令和2年9月1日
稲作大国新潟から発信する「米の意識改革」
新潟県立大学教授 曽根英行この著者の書いた書籍
中国湖北省武漢市より発生した新型コロナウイルスによる感染は,瞬く間に世界中へと拡大し,日本経済にも深い爪痕を残している。その影響は,観光・外食産業をはじめ製造業,金融業,医療,教育,サービス業など多岐にわたり,特に海外依存度の高い業種での被害の大きさが見て取れる。

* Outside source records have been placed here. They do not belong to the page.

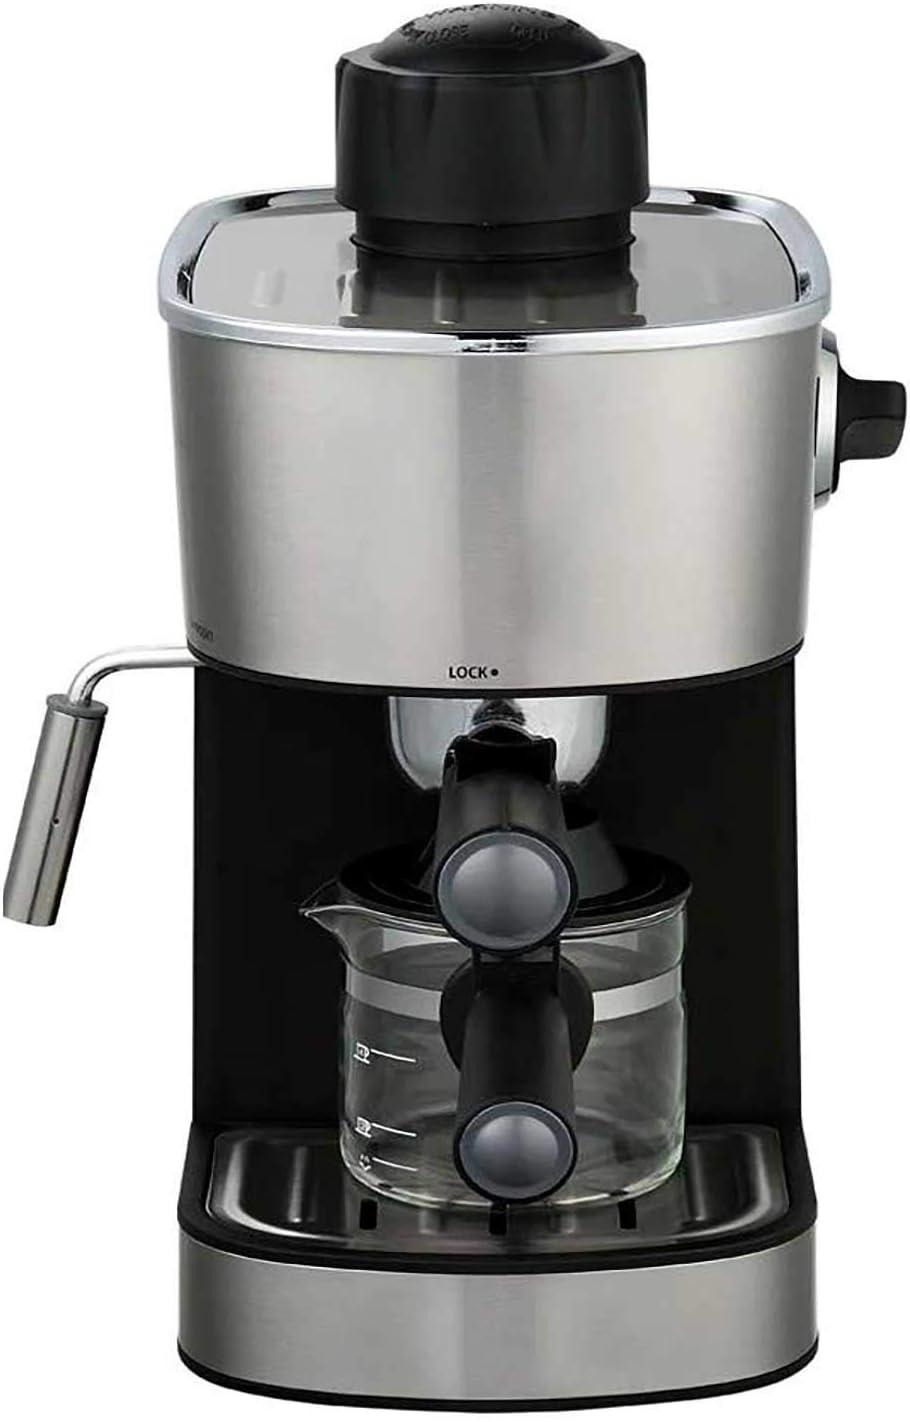 Powerful steam Espresso and Cappuccino Maker Barista Express Machine Black - Make European Espresso 61drbbcVECL
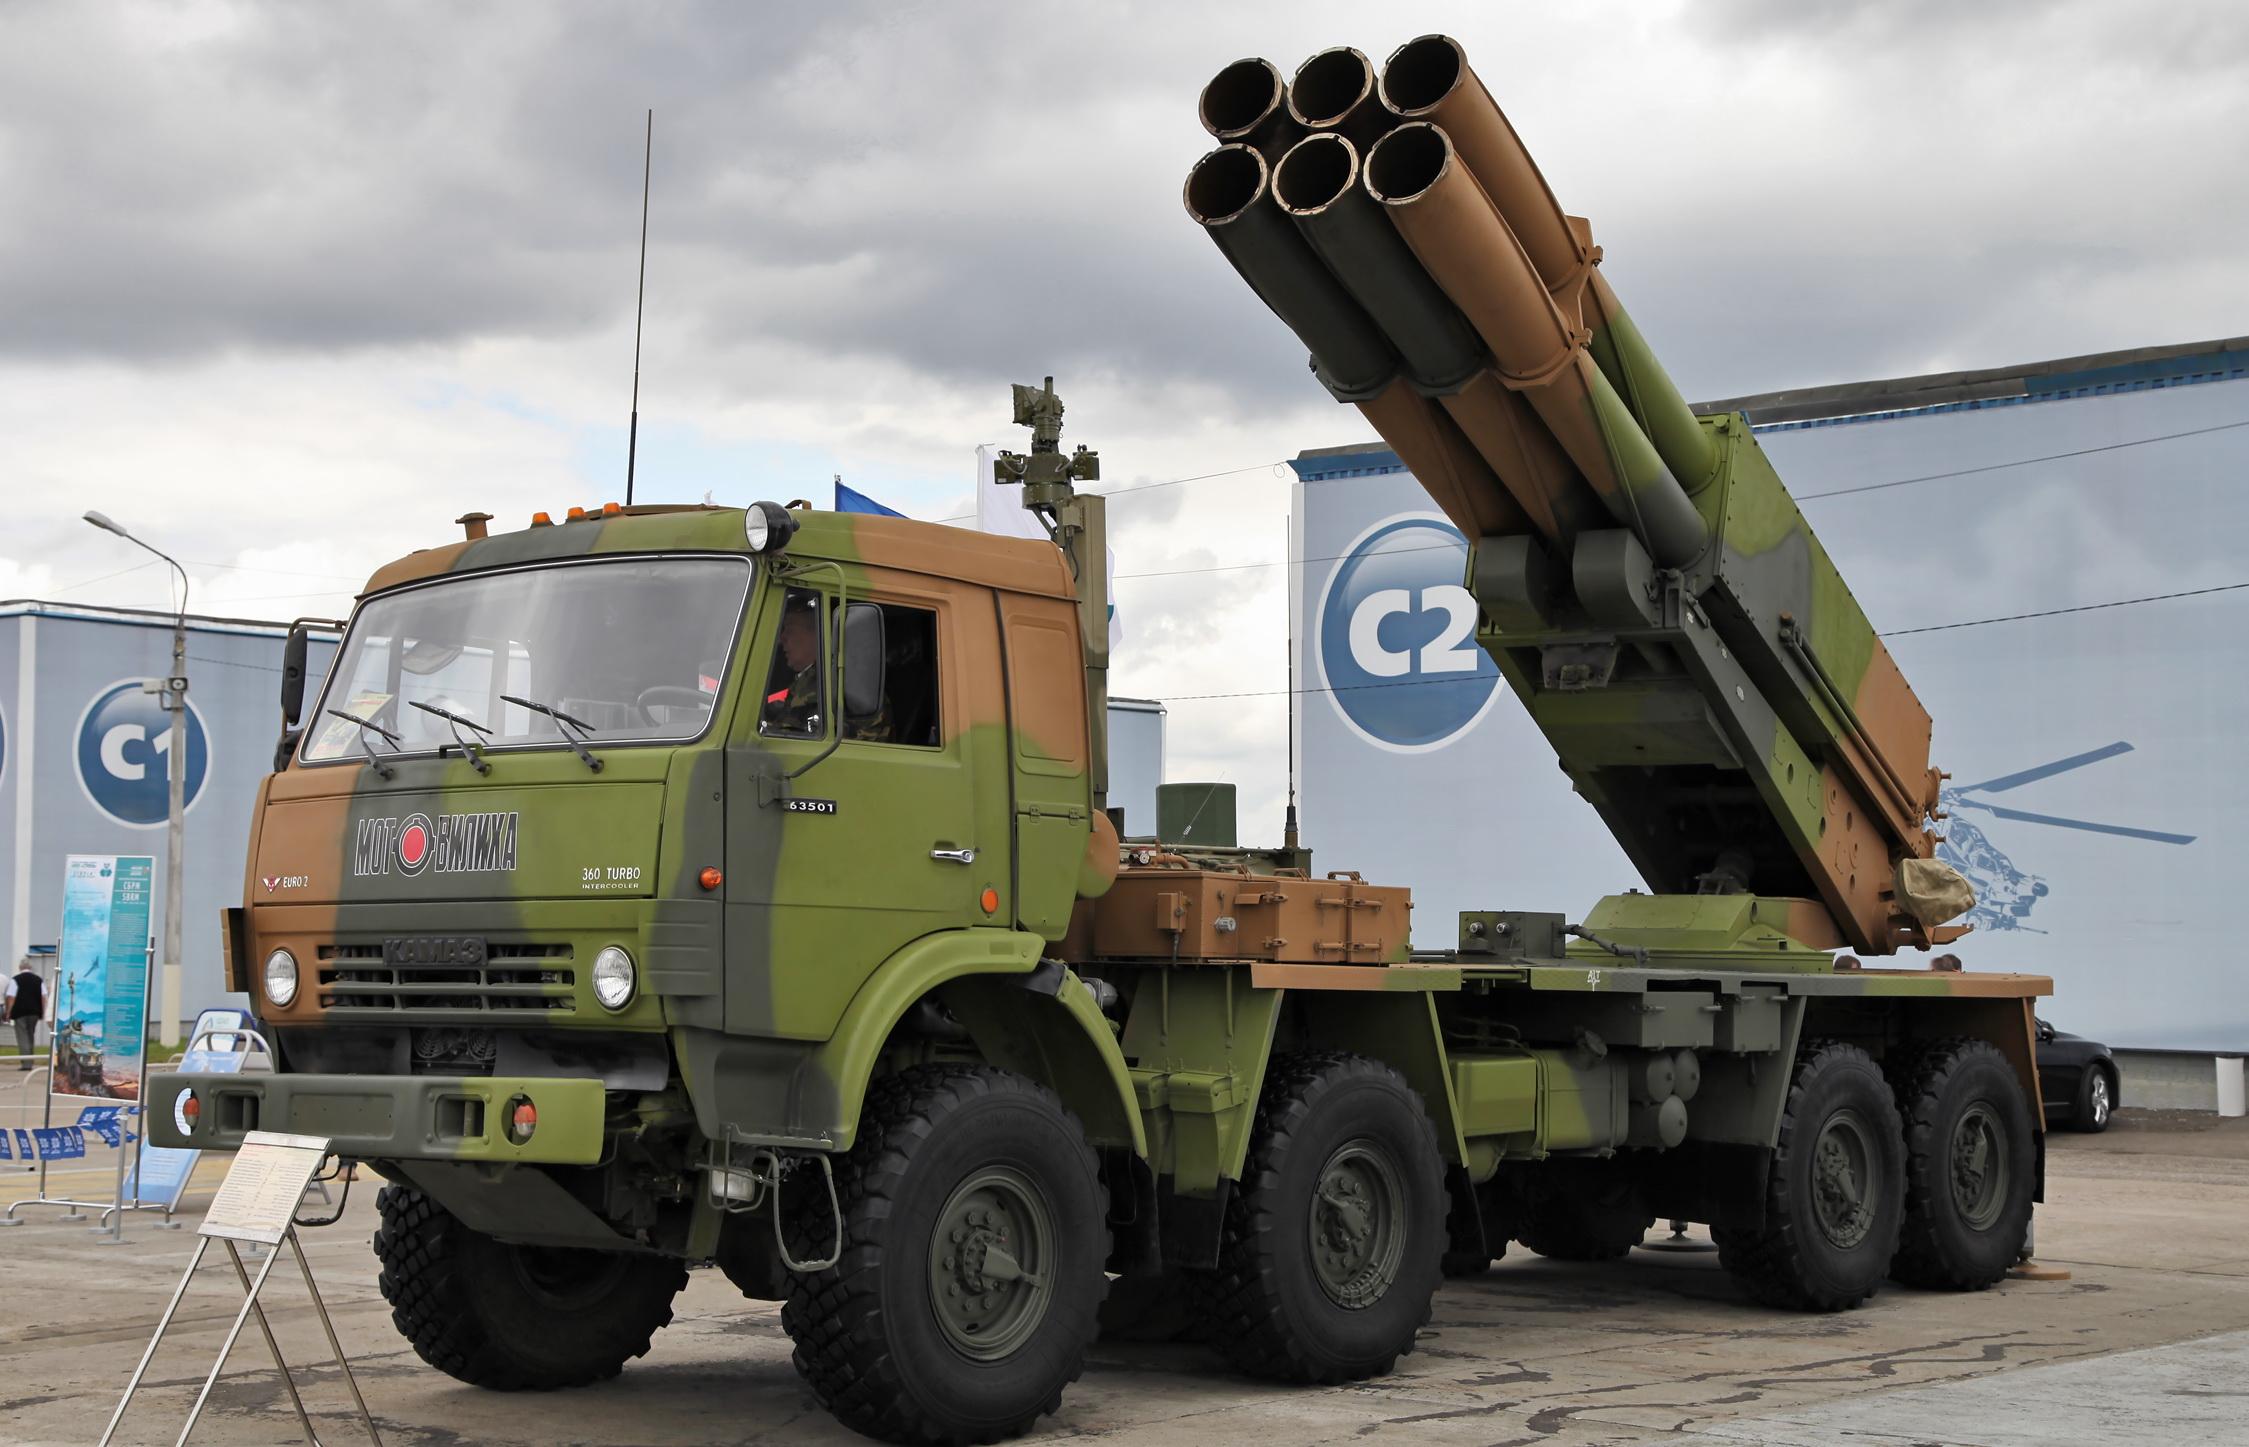 Combat_vehicle_9A52-4_Smerch_MLRS_(3) - Copy.jpg
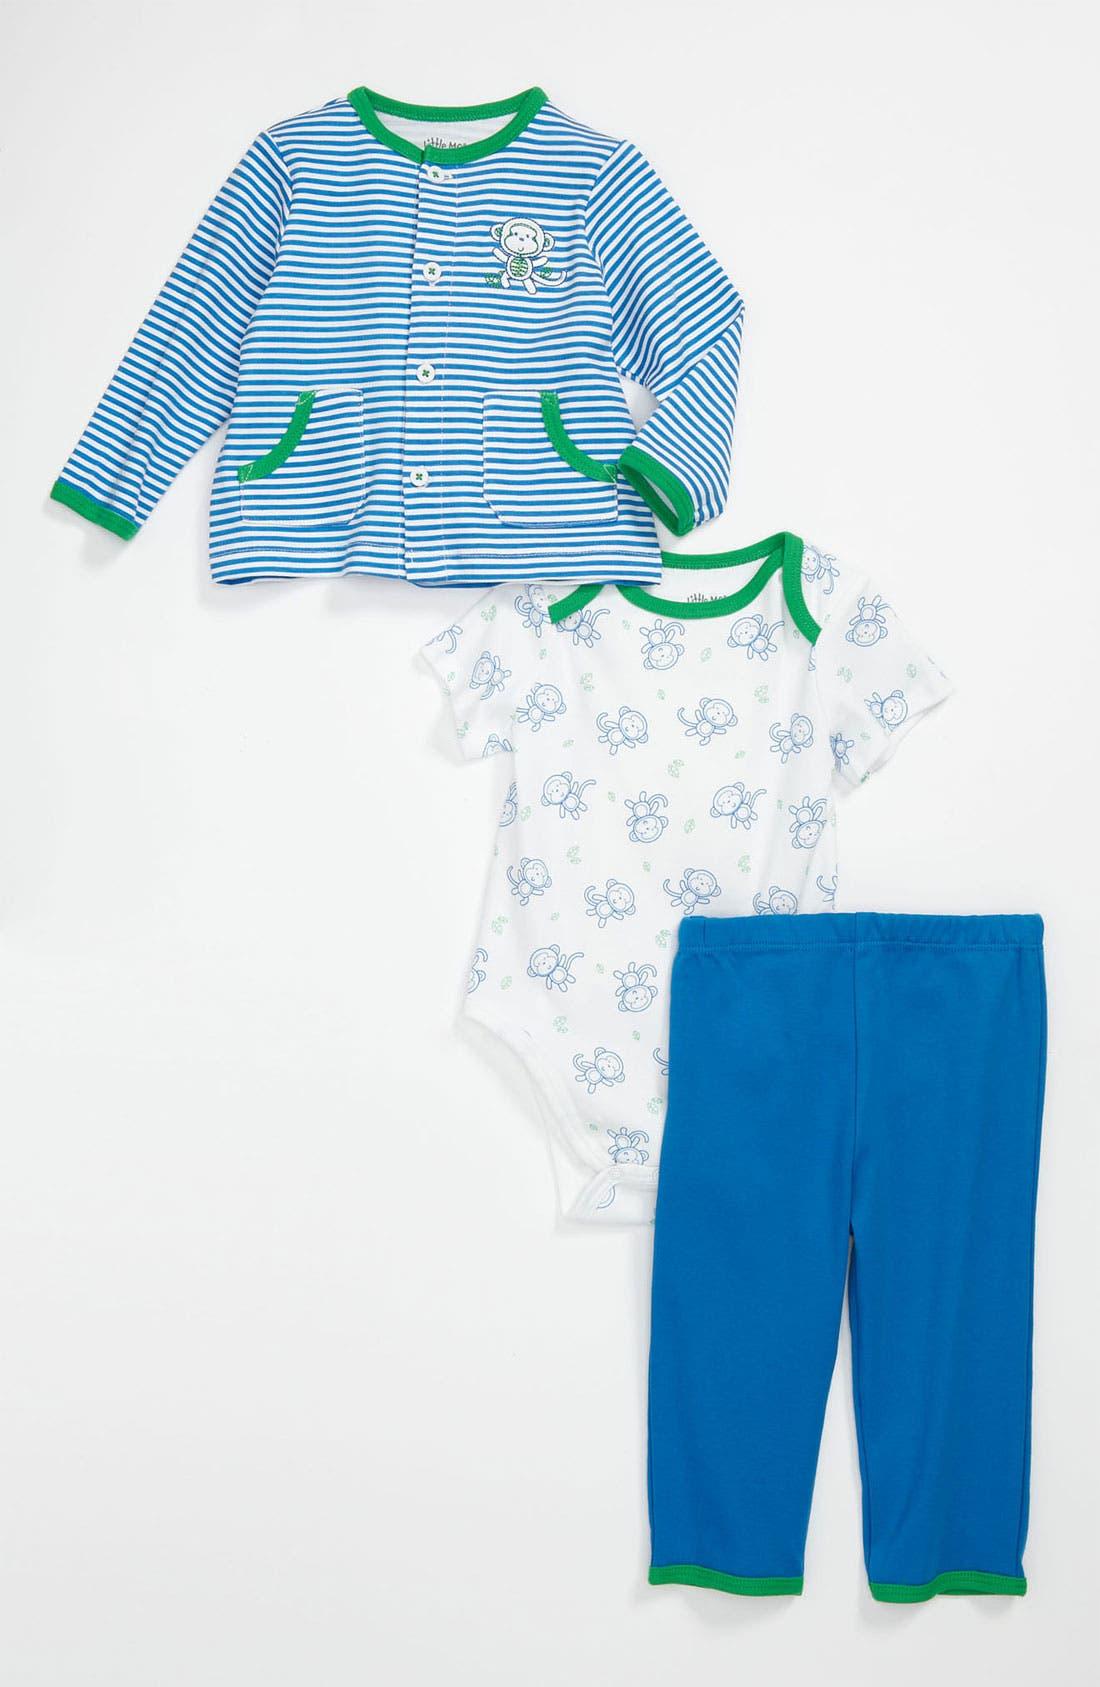 Alternate Image 1 Selected - Little Me 'Take Me Home' Bodysuit, Cardigan & Pants (Infant)
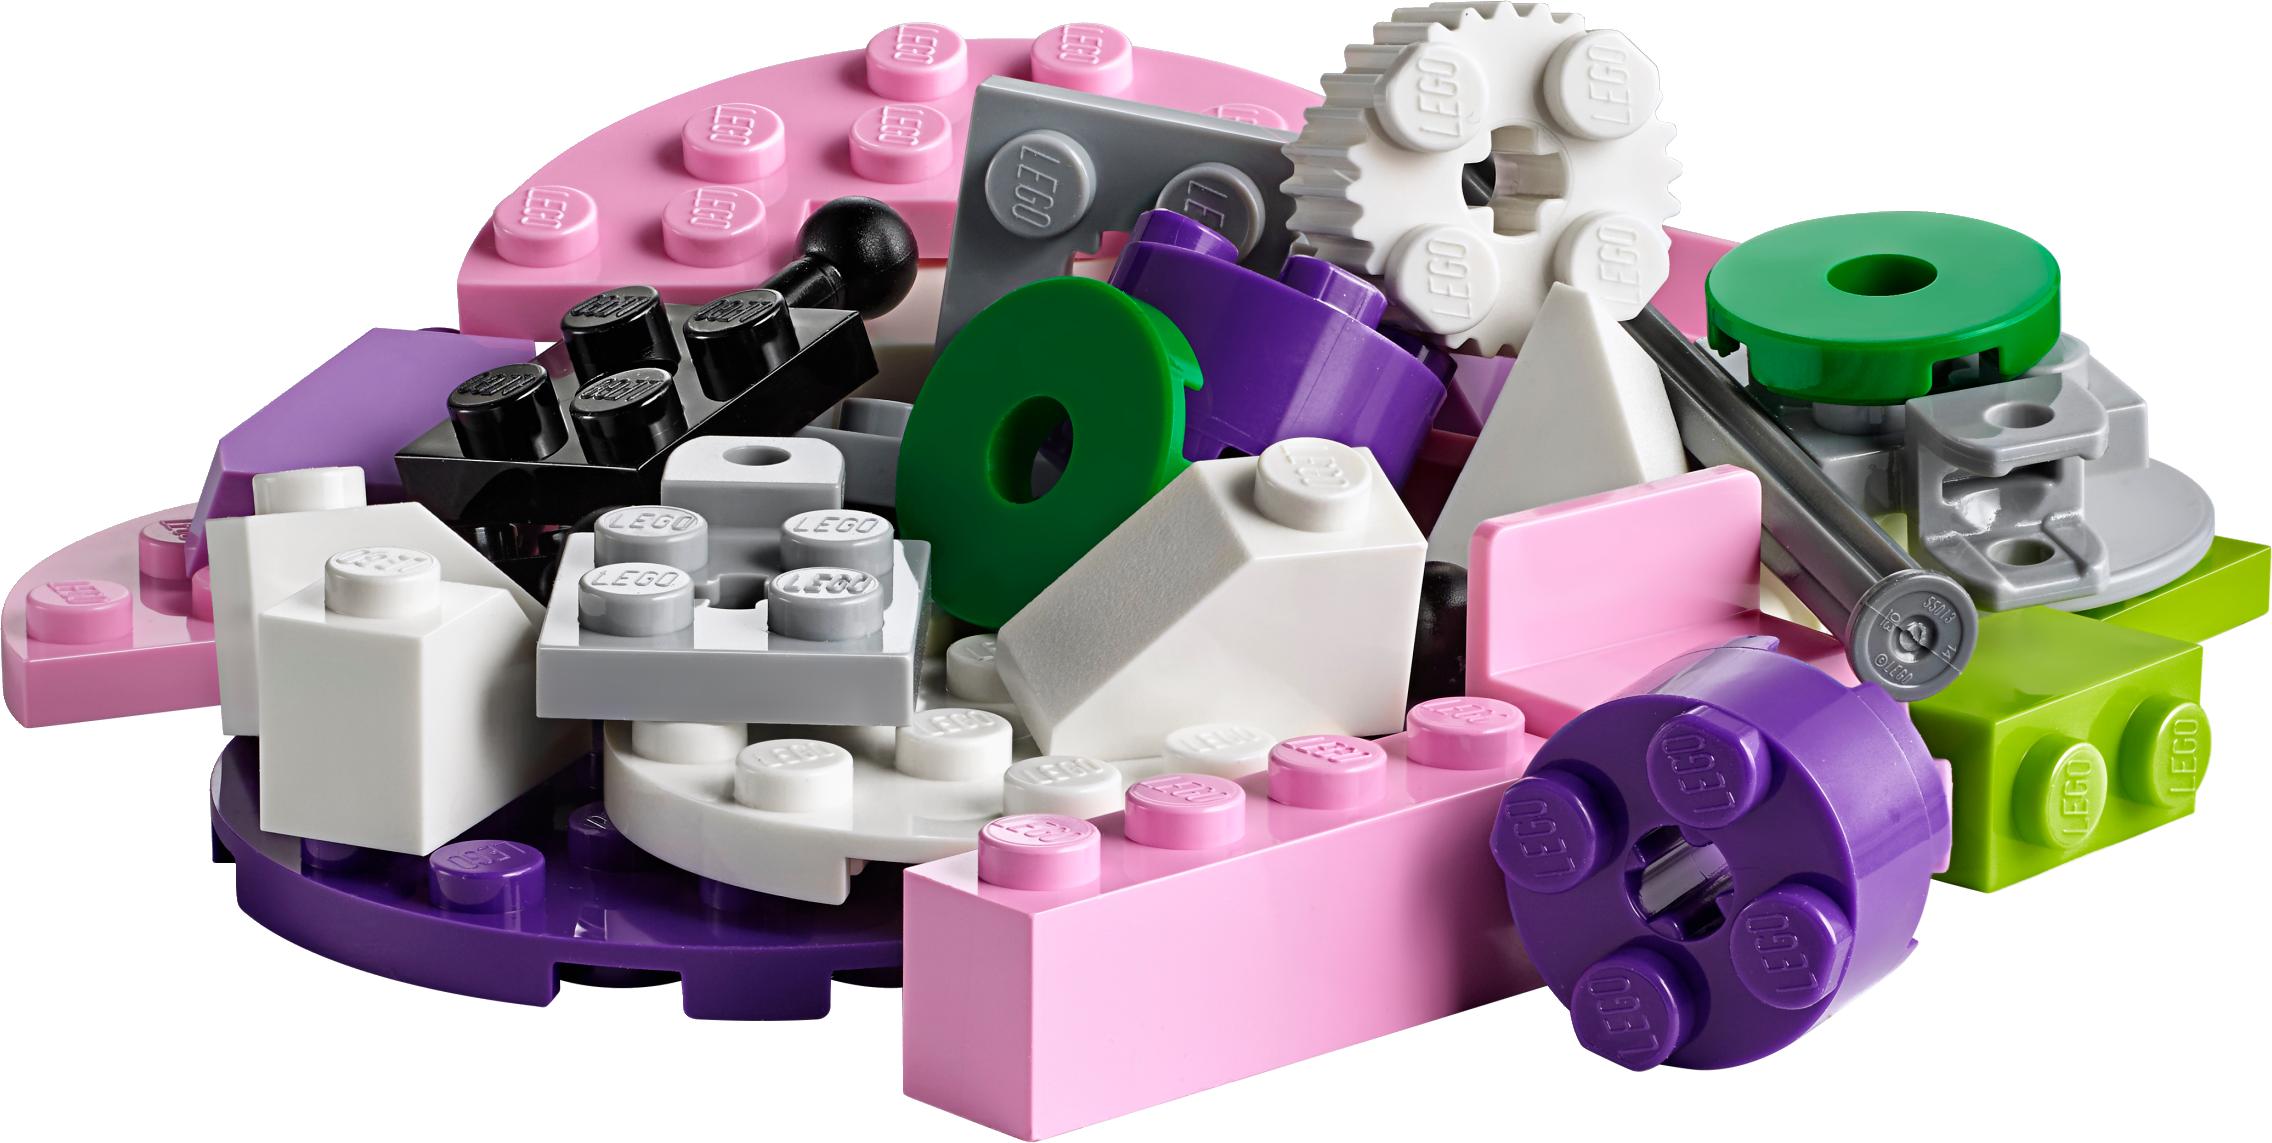 Bricks and Gears

一方で,他業種からのあおりを受け少なからず損害を被った農林水産業ではあるが,とりわけ海外への依存度が低く,減少傾向にあるものの,一定水準の国内需要が見込まれる稲作農業については,著しく深刻な状況は回避できたといえる。その証拠に,本学が位置する新潟市の東端では穂を垂れた稲が一面に広がり,例年と変わらない収穫の訪れを感じさせている。
しかし,稲作農業の現状に目を向ければ,若者の米離れや農業就業者の高齢化など,その行く末を思案せずにはいられない。本学で実施した米の嗜好性と摂取頻度の調査結果をみると,近年の学生は小麦製品を好む傾向にあり,摂取量は急激ではないものの減少曲線をたどっている。如何にすればこの状況を反転し,米の消費拡大につなげることができるのか。
筆者が教える健康栄養学科の学生に関していえば,米の摂取頻度は専門知識の定着と相関しており,学年の上昇とともに増加する傾向を示す。これは,米の栄養学的役割や科学的根拠に裏づけられた炊飯方法,米の生体調節機能などの専門知識を修得し,米に対する意識の変革がなされたからと考察する。つまり,現在の若者の米に対する姿勢を転換するためには,まずは米に関する正しい知識や稲作の実際を体験するなど,米に対する知的好奇心を喚起し,意識改革を促すことが肝要と考える。
我が身を振り返ってみれば,今日に至るまで米以上に好んで食した穀物はない。しかし,一貫して粘り気の強い米が好きだったかといえば,30歳代までは硬い食感の米が好みであった。米の嗜好性は千差万別で,生活環境や年齢によっても変化する。そのため,その折節で個々の嗜好に合致した米を見いだすことが重要となり,そうした発見も若者の探求心を刺激し,米好きへの変容を促す契機になると推察する。
稲作大国である新潟はまさに米の宝庫である。代表格であるコシヒカリは県内各地で生産され,産地ごとの異なる特徴を楽しむことができる。経済的に潤沢とはいえない若者が品種や生産地の違いによる食味の変化を体験する機会を創出するべく,米への関心が高まる新米の時期に特徴の異なる品種や銘柄を梱包した利き米セットを提供しては如何であろうか。世界屈指の生産地を抱える新潟県が低価格での提供を実現すれば全国規模で大きな注目を集め,その効果は世代を超えて若者にも波及するものと考える。
食の専門家を目指す本学科の学生には,そうした機会を積極的に利用して多くの品種銘柄を体験し,それぞれの特徴を活かした米の新たな活用分野を開拓することで,世界に誇る新潟の稲作農業の発展に貢献できるようこれからの成長を期待するものである。